§ EXERCISE REQUIREMENTS
Your answer must be the exact lines below, starting with the line with "Good Night Dalmatian" and going on through the line with "Vintage Designer Art", both included, with no pictures.

----- RECORDS SUPPLIED -----

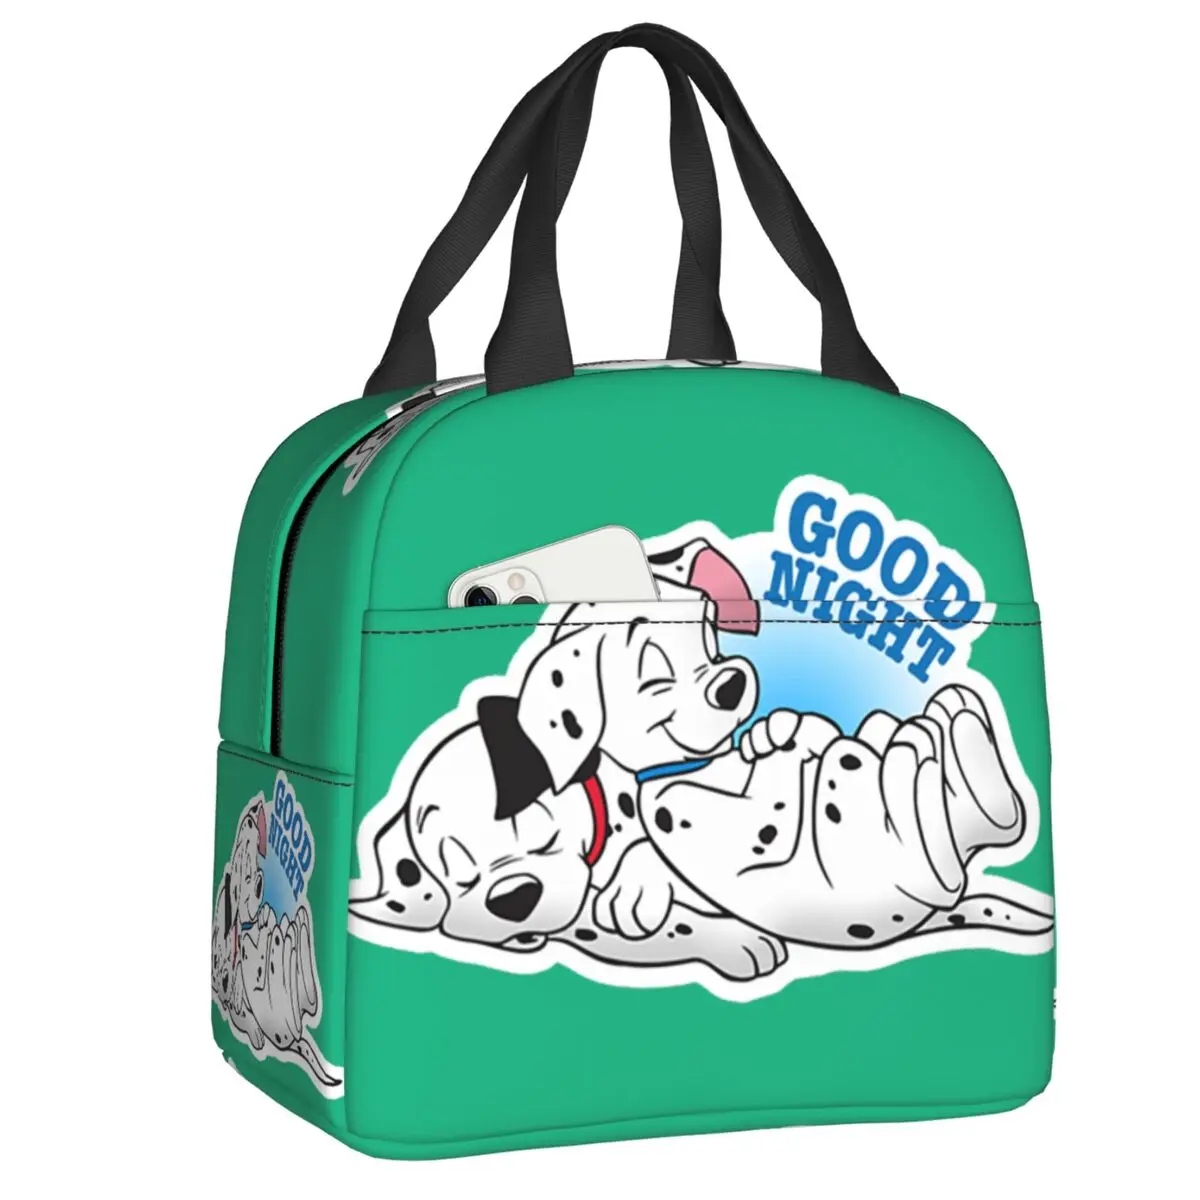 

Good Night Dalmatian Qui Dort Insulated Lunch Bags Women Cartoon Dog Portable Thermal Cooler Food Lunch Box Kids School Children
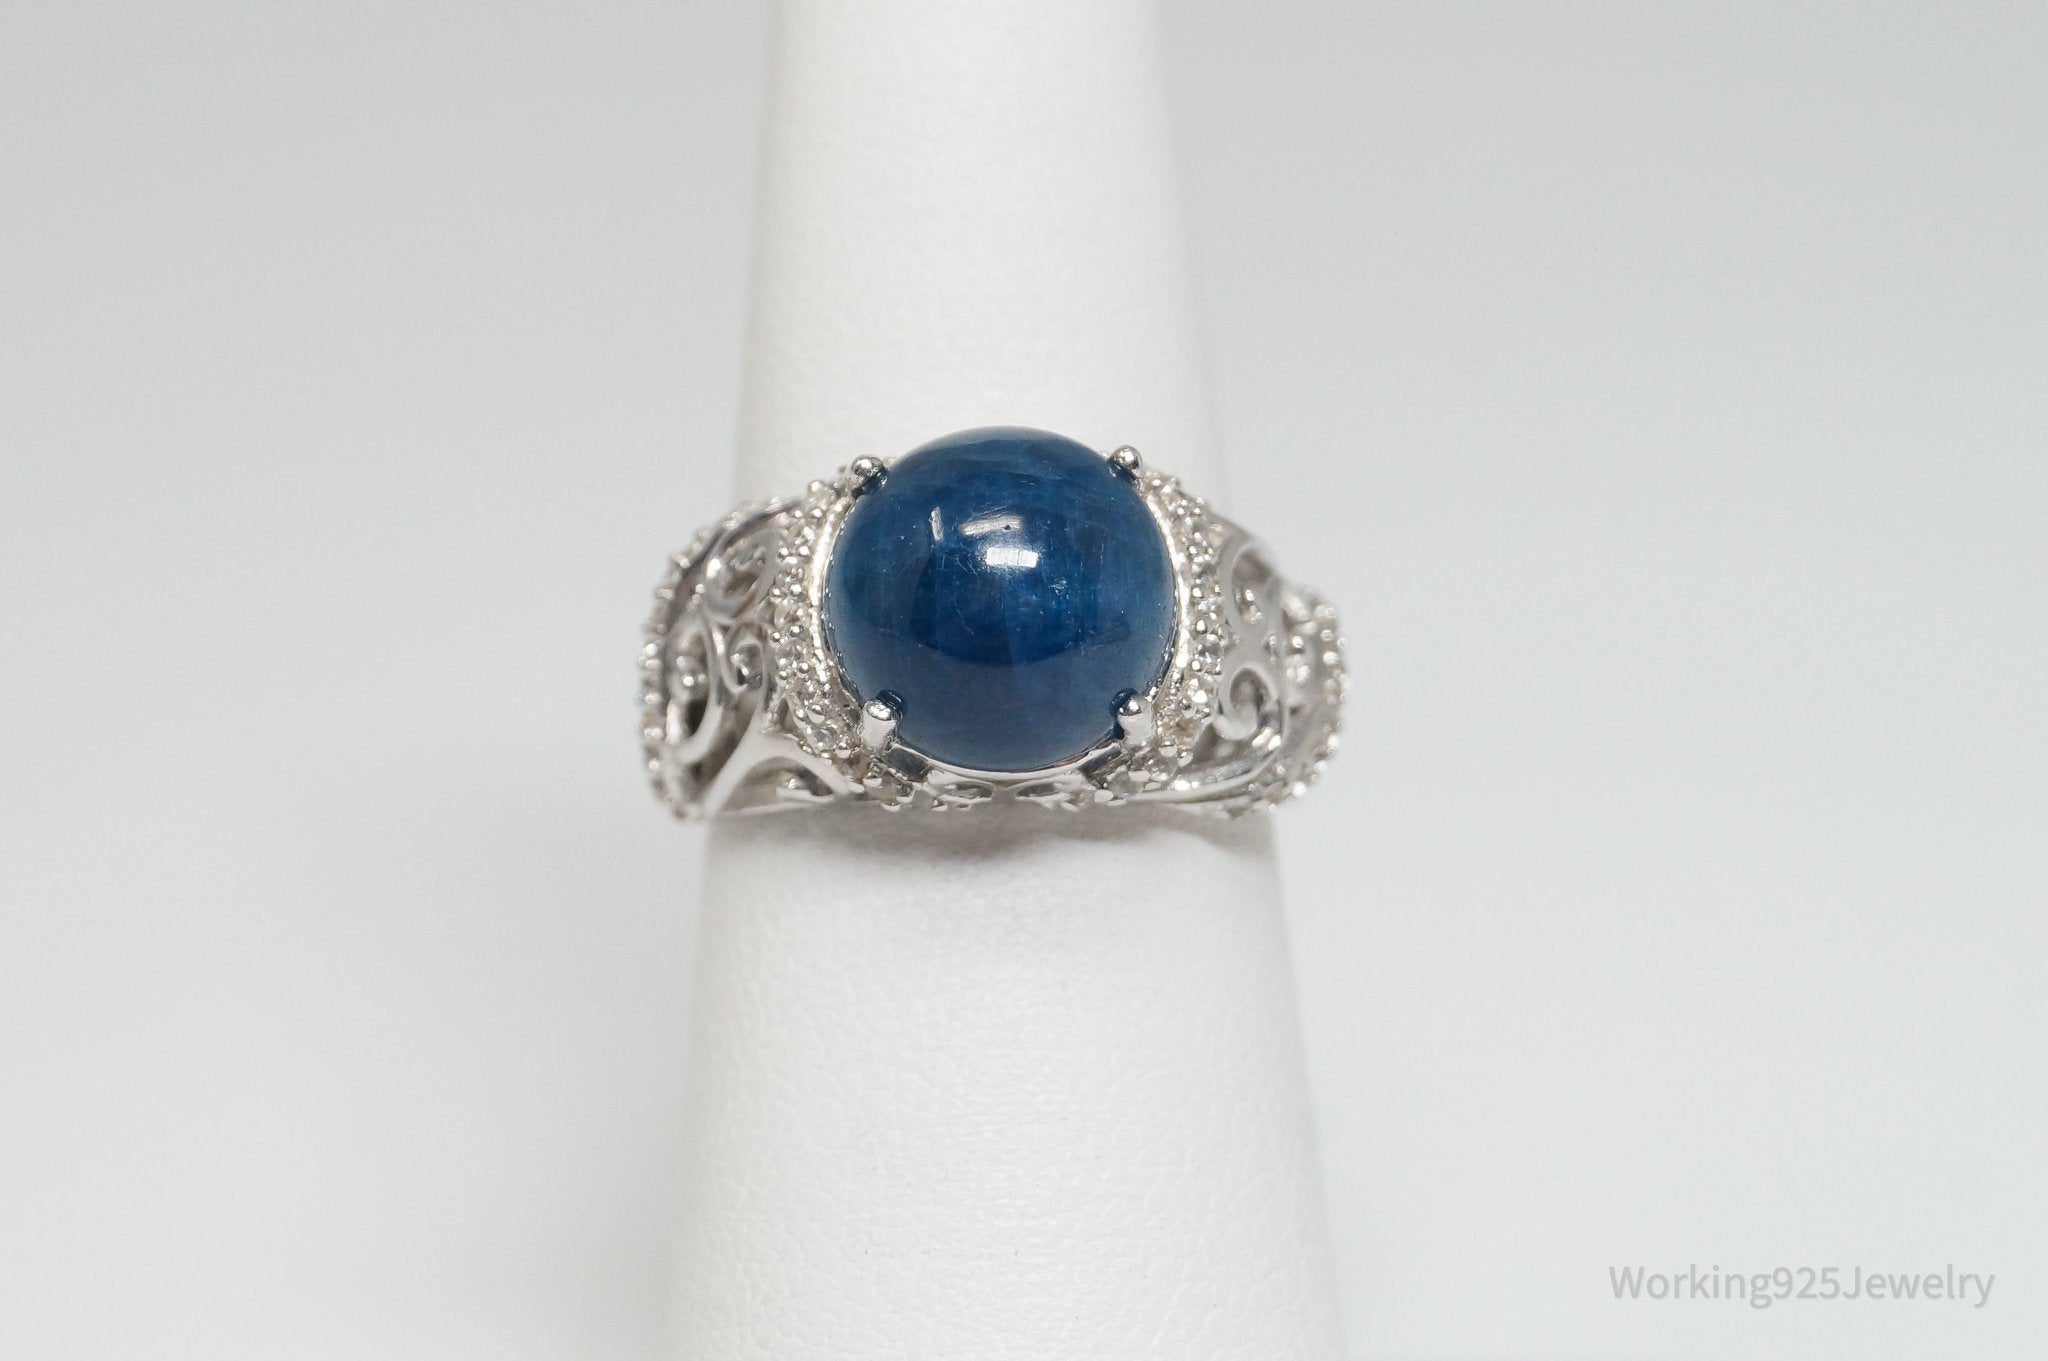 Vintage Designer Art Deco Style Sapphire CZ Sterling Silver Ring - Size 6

-----
----- RECORDS SUPPLIED -----

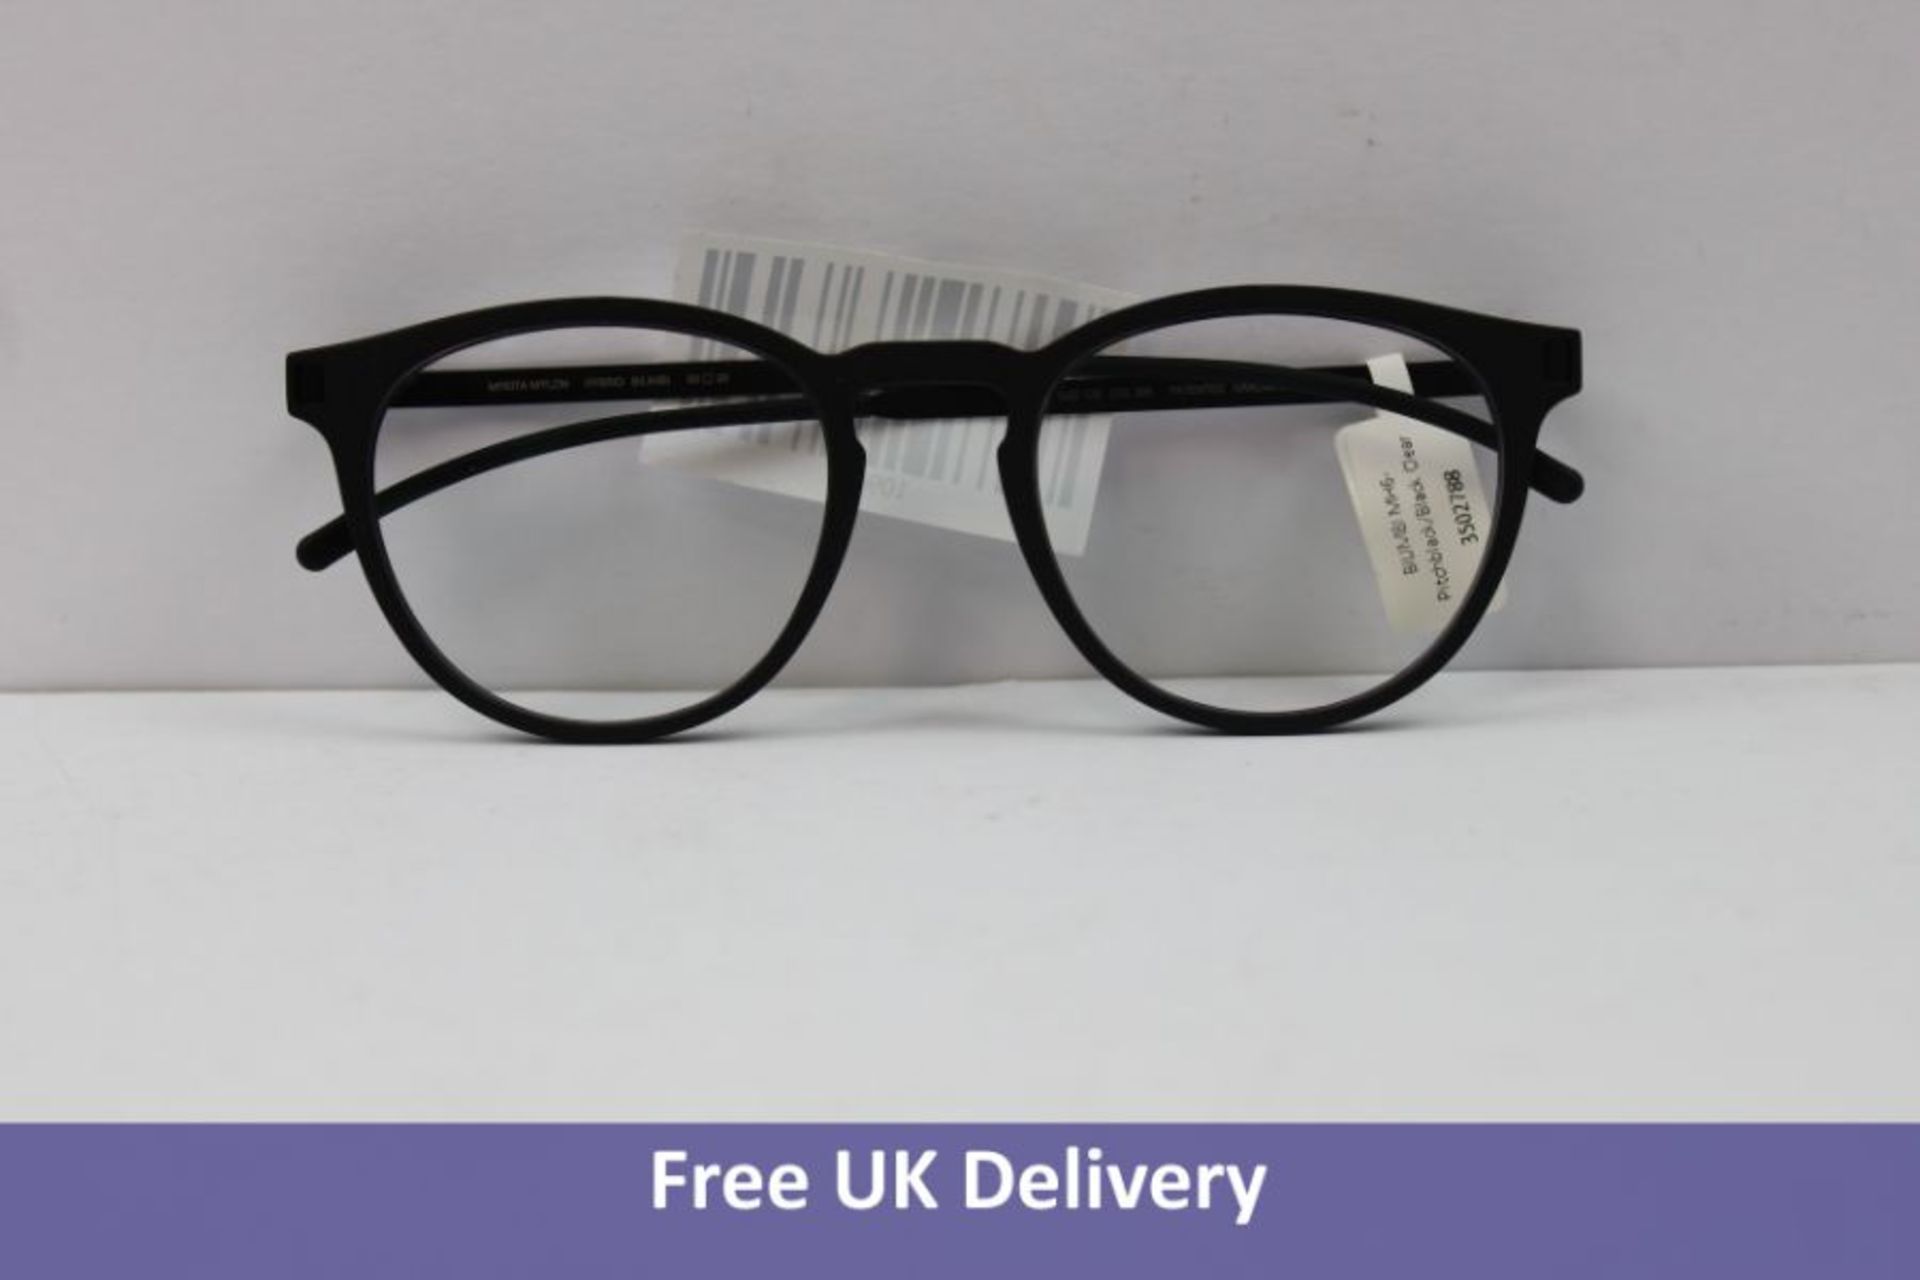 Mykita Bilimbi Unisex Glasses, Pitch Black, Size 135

-----

§ ANSWER SECTION
Good Night Dalmatian Qui Dort Insulated Lunch Bags Women Cartoon Dog Portable Thermal Cooler Food Lunch Box Kids School Children
 Vintage Designer Art Deco Style Sapphire CZ Sterling Silver Ring - Size 6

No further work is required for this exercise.